These cabbage rolls are a great alternative to traditional tortilla wraps! They’re low-carb, vegetarian, and paleo-friendly!
Cabbage rolls were my nemesis in the beginning.
It took me ages to learn how to roll the cabbage properly, so that all the stuffing didn’t all fall out into a heap on my plate, leaving me with a cabbage leaf…
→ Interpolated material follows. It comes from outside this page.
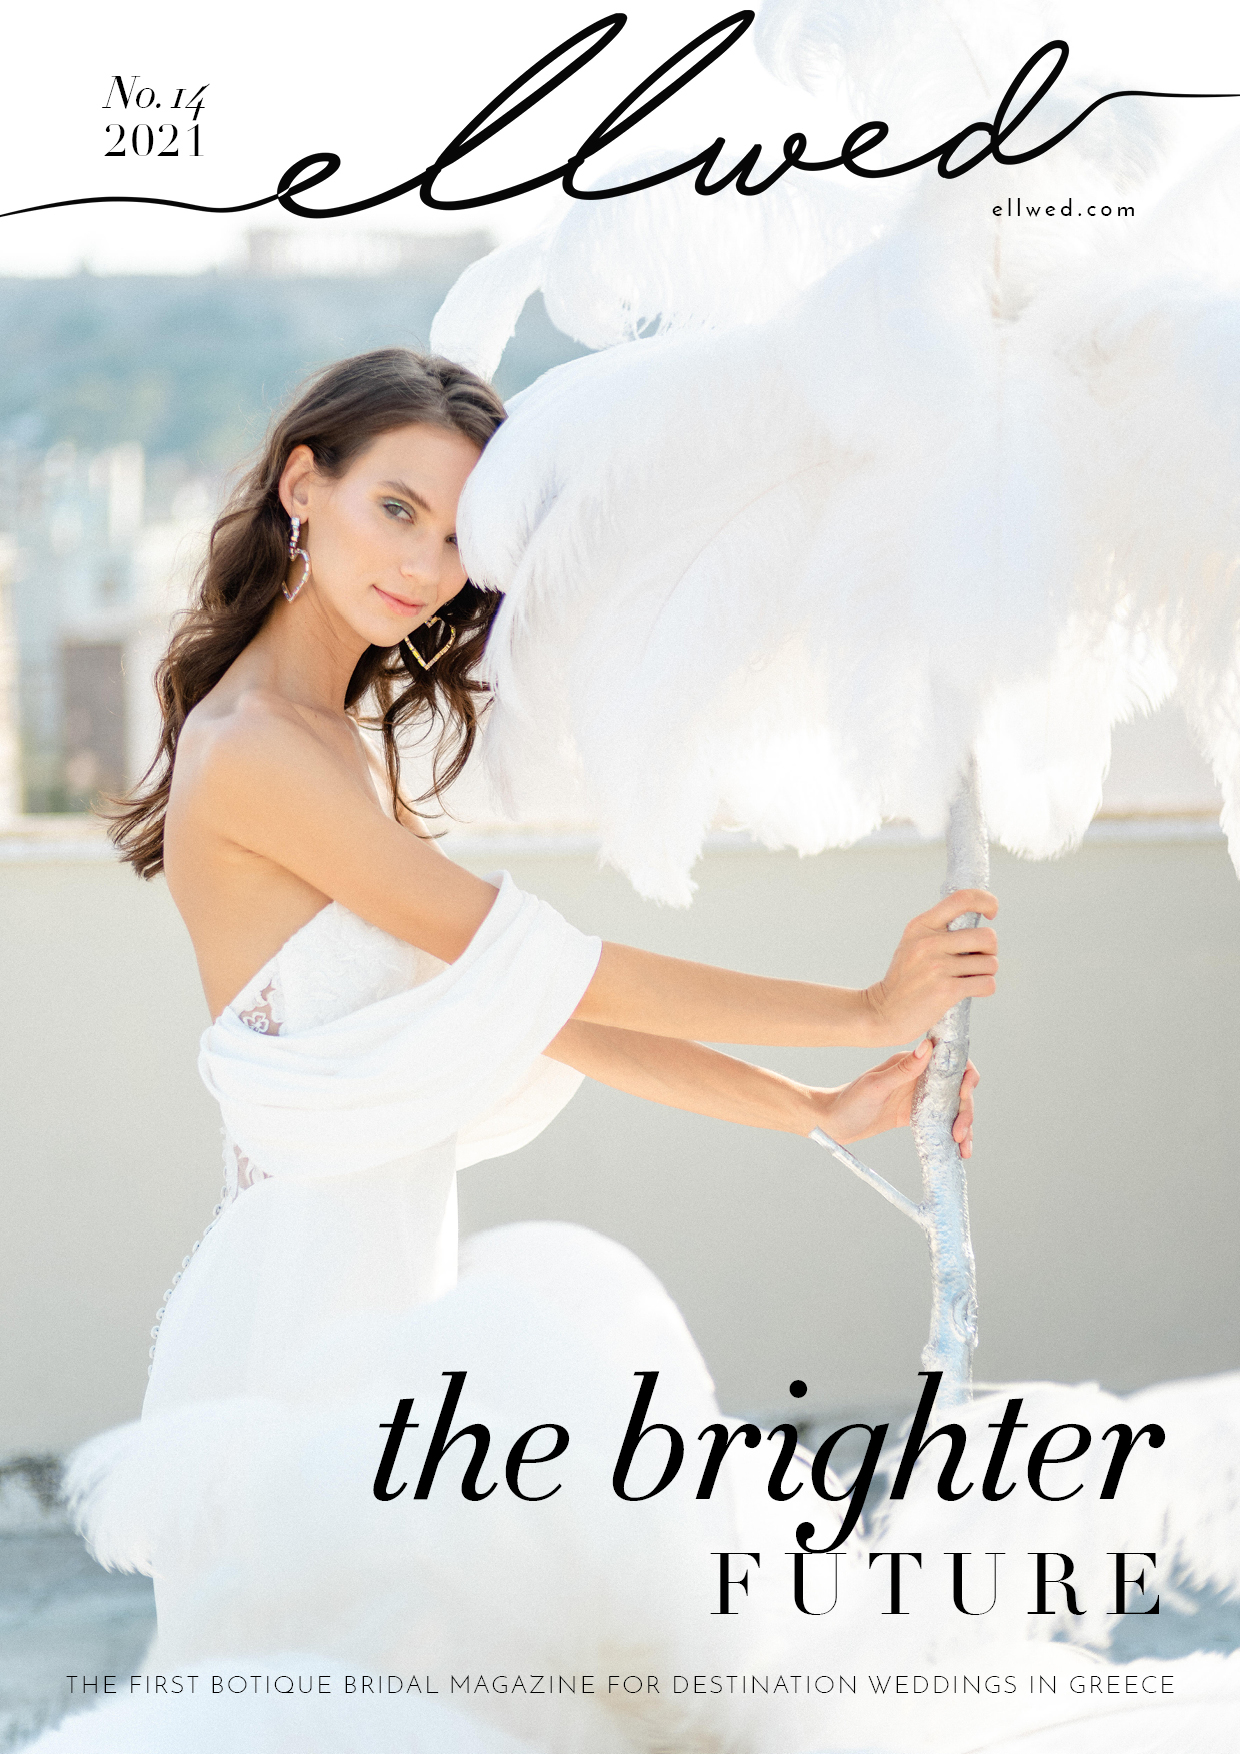 Cover of Ellwed digital Magazine for destination weddings in Greece

I’m still perfecting the art of cabbage rolling, but looking at it in a glass-half-full-kinda-way, at least the stuffing stays in the roll now. The Lazy Cat Kitchen shares a great step-by-step guide (with pictures) on how to properly roll cabbage leaves.
I started making these coleslaw-stuffed cabbage rolls when I was learning how to make mayonnaise again.
It took me a while to get the mayonnaise right, many weeks in fact. So I had all this broken mayonnaise and nothing to use it in until…. Coleslaw.
The cabbage rolls came about because I didn’t want to waste the tattered and bruised outer leaves of the cabbage. Rather than composting them I thought I’d use them as “tortillas” to make wraps!
A note before we begin: You can fill these cabbage rolls with absolutely anything. I just like using coleslaw because you can get great use out of one cabbage.
Before we get started in learning how to make these coleslaw-stuffed cabbage rolls – if you like what you’re seeing, subscribe to my email newsletter at the bottom of the page to keep up to date on the latest recipes, DIYs, gardening and health tips I share!!
Stuffed Coleslaw Cabbage Rolls
Most cabbage roll recipes aren’t low carb as they’re made with rice, but you can rest assured these are.
Now, you may be thinking, cabbage rolls with cabbage stuffing…
Trust me, this coleslaw is packed with flavour and the cabbage wraps have been cooked so they’re soft and delicious.
Don’t knock them till you try them!
- 4 large cabbage leaves
- 1/2 cup mayonnaise
- 4 large pickles, diced
- 1/2 red onion, finely diced
- 1 tbsp fresh parsley, chopped
- 1 tbsp apple cider vinegar or lemon juice
- 1 tbsp Dijon mustard
- 2 cups cabbage, shredded
- 1/2 cup toasted almonds or pecans, roughly chopped
- 2 boiled eggs, roughly chopped
- To cut the cabbage for coleslaw, remove any tattered or bruised outer leaves and place aside. Cut the cabbage into quarters, and then cut out the core. Slice the cabbage quarters into thin shreds. You can hand shred with a knife or use a mandoline or use your food processor with the shredding attachment.
- Add the parsley, egg, almonds, red onion, and pickles to the shredded cabbage and toss to mix.
- Blanch the cabbage leaves in boiling salted water until they are soft and refresh by plunging them into cold water.
- In a separate bowl, mix the mayonnaise, vinegar, and mustard together.
- Pour the mayonnaise mix over the shredded cabbage, then toss well to coat.
- Fill each leaf with the coleslaw mixture, then roll them like spring rolls or burritos.
- Slice the wraps once through the middle and serve with some mayonnaise and mustard.
As always, this is not personal medical advice and we recommend that you talk with your doctor before trying or using any new products. I am not a doctor. All opinions expressed are my own personal thoughts and feelings of the products mentioned. Check with your doctor or health practitioner if you are uncertain about trying out any of the products, recipes or tips mentioned in this post.